Experimental and numerical studies on kV scattered X-ray imaging for real-time image guidance in radiation therapy

Motion management is a critical component of image guided radiotherapy for lung cancer. We previously proposed a scheme using kV scattered X-ray photons for marker-less real-time image guidance in lung cancer radiotherapy. This study reports our recent progress using the photon counting detection technique to demonstrate potential feasibility of this method and using Monte Carlo (MC) simulations and ray-tracing calculations to characterize the performance. In our scheme, a thin slice of X-ray beam was directed to the target and we measured the outgoing scattered photons using a photon counting detector with a parallel-hole collimator to establish the correspondence between detector pixels and scatter positions. Image corrections of geometry, beam attenuation and scattering angle were performed to convert the raw image to the actual image of Compton attenuation coefficient.

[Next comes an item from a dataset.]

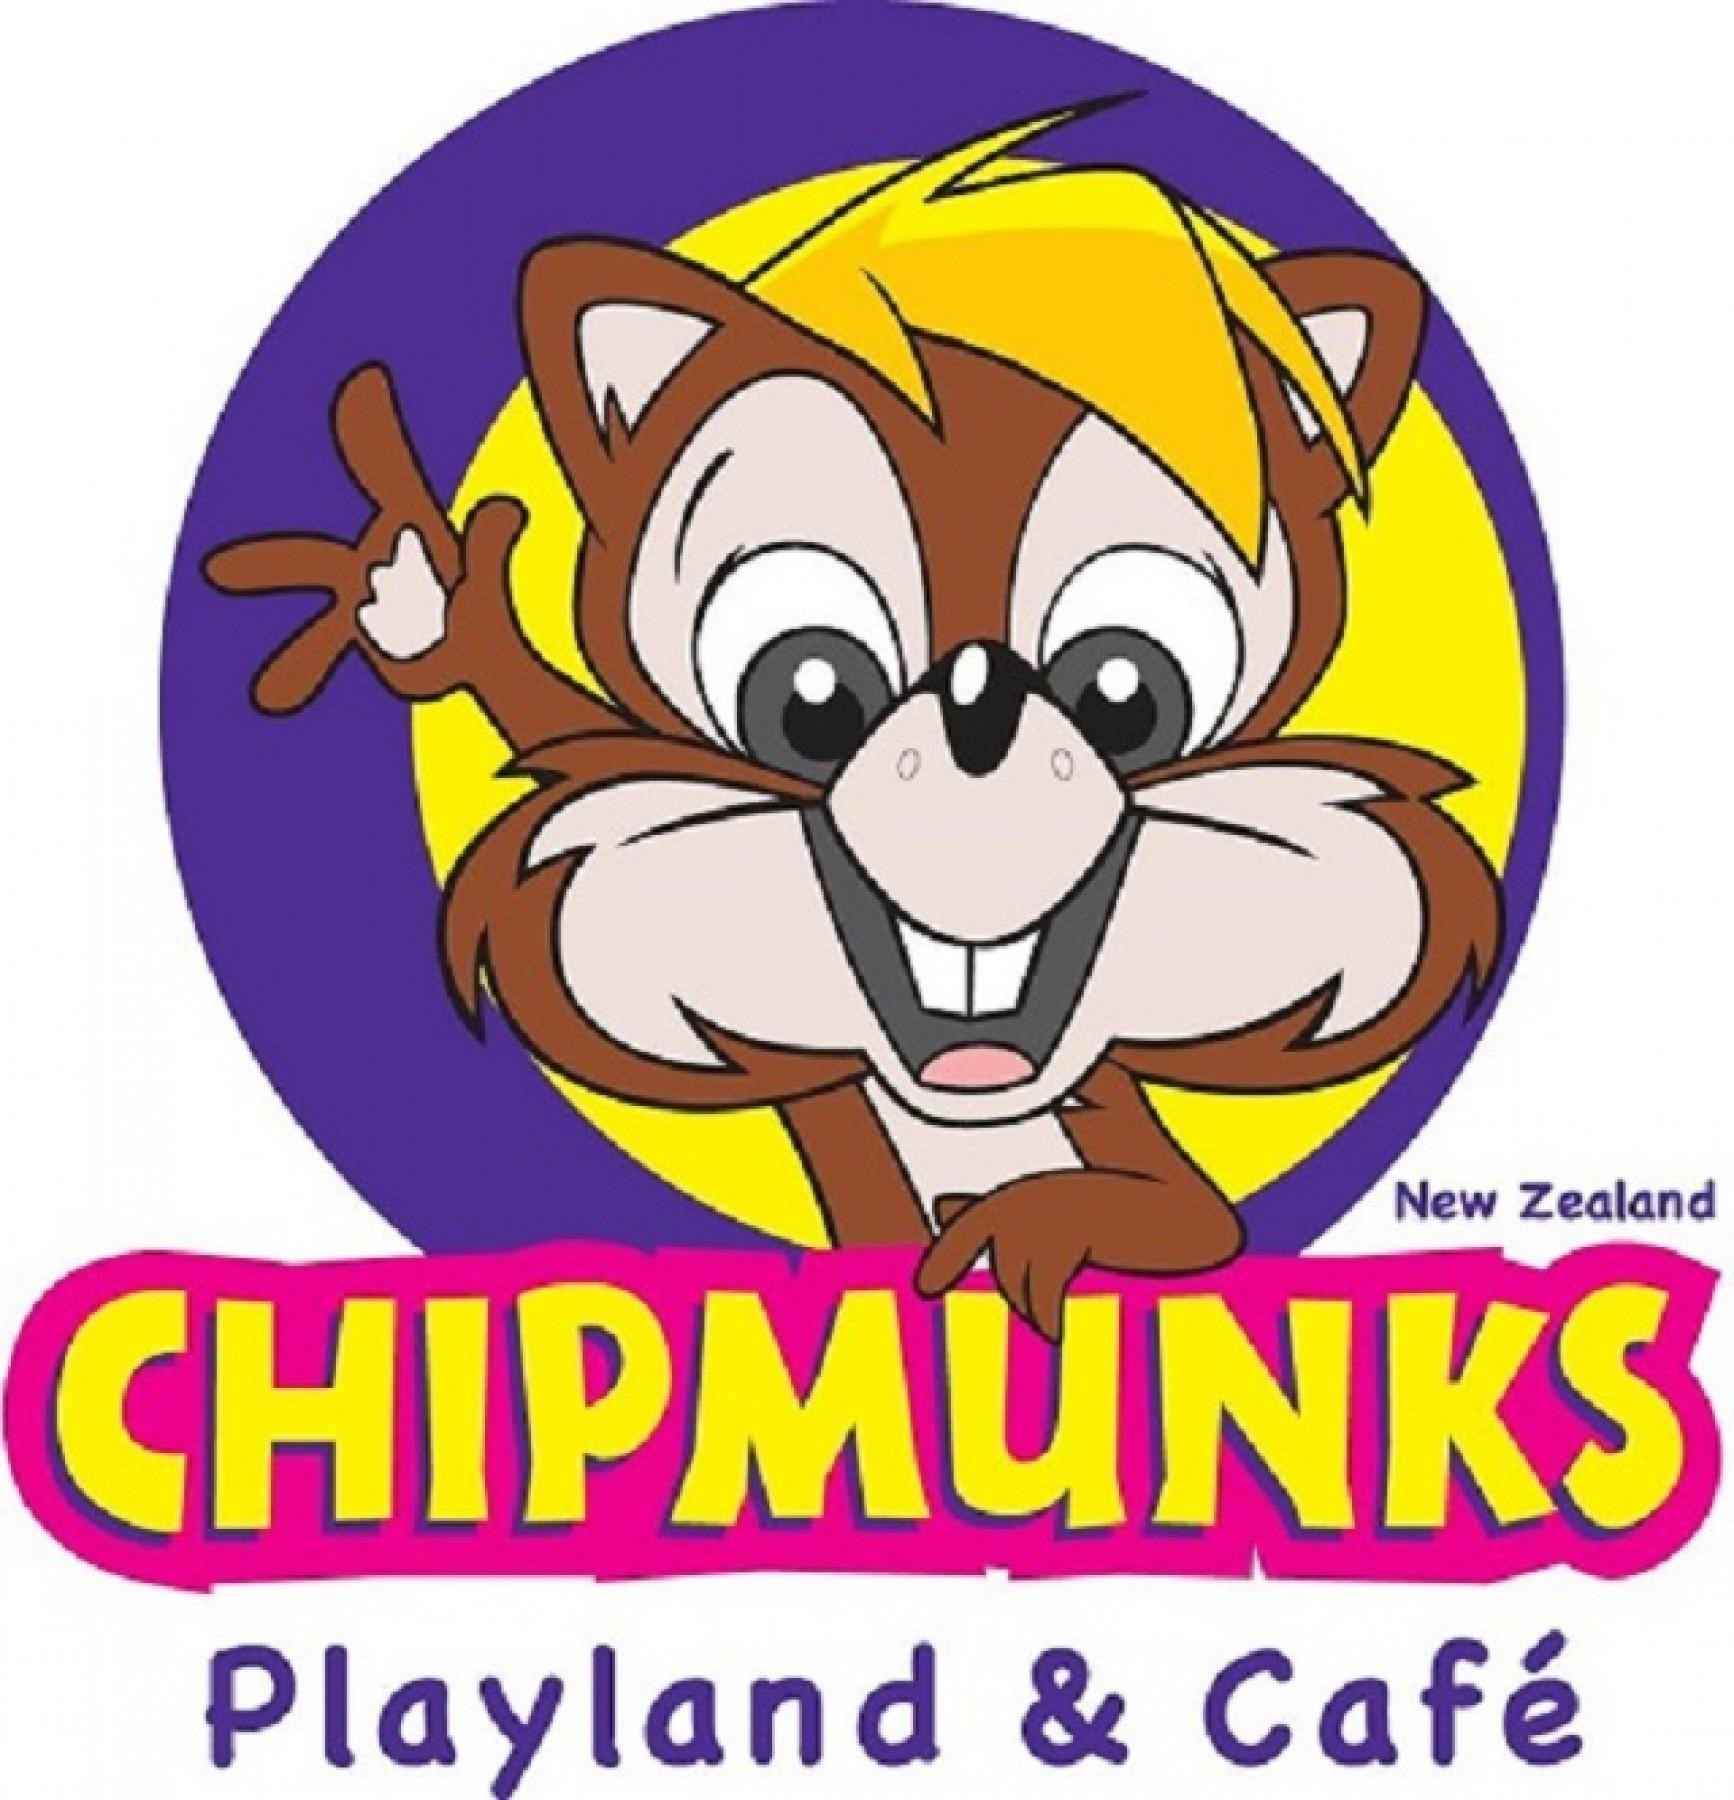 Established Children's Playland & Café Franchise  Chipmunks ...

We set up a MC simulation system using an in-house developed GPU-based MC package modeling the image formation process. We also performed ray-tracing calculations to investigate the impacts of imaging system geometry on resulting image resolution. The experiment demonstrated feasibility of using a photon counting detector to measure scattered X-ray photons and generate the proposed scattered X-ray image. After correction, X-ray scattering image intensity and Compton scattering attenuation coefficient were linearly related, with R 2 greater than 0.9. Contrast to noise ratios of different objects were improved and the values in experimental results and MC simulation results agreed with each other. Ray-tracing calculations revealed the dependence of image resolution on imaging geometry. The image resolution increases with reduced source to object distance and increased collimator height. The study demonstrated potential feasibility of using scattered X-ray imaging as a real-time image guidance method in radiation therapy.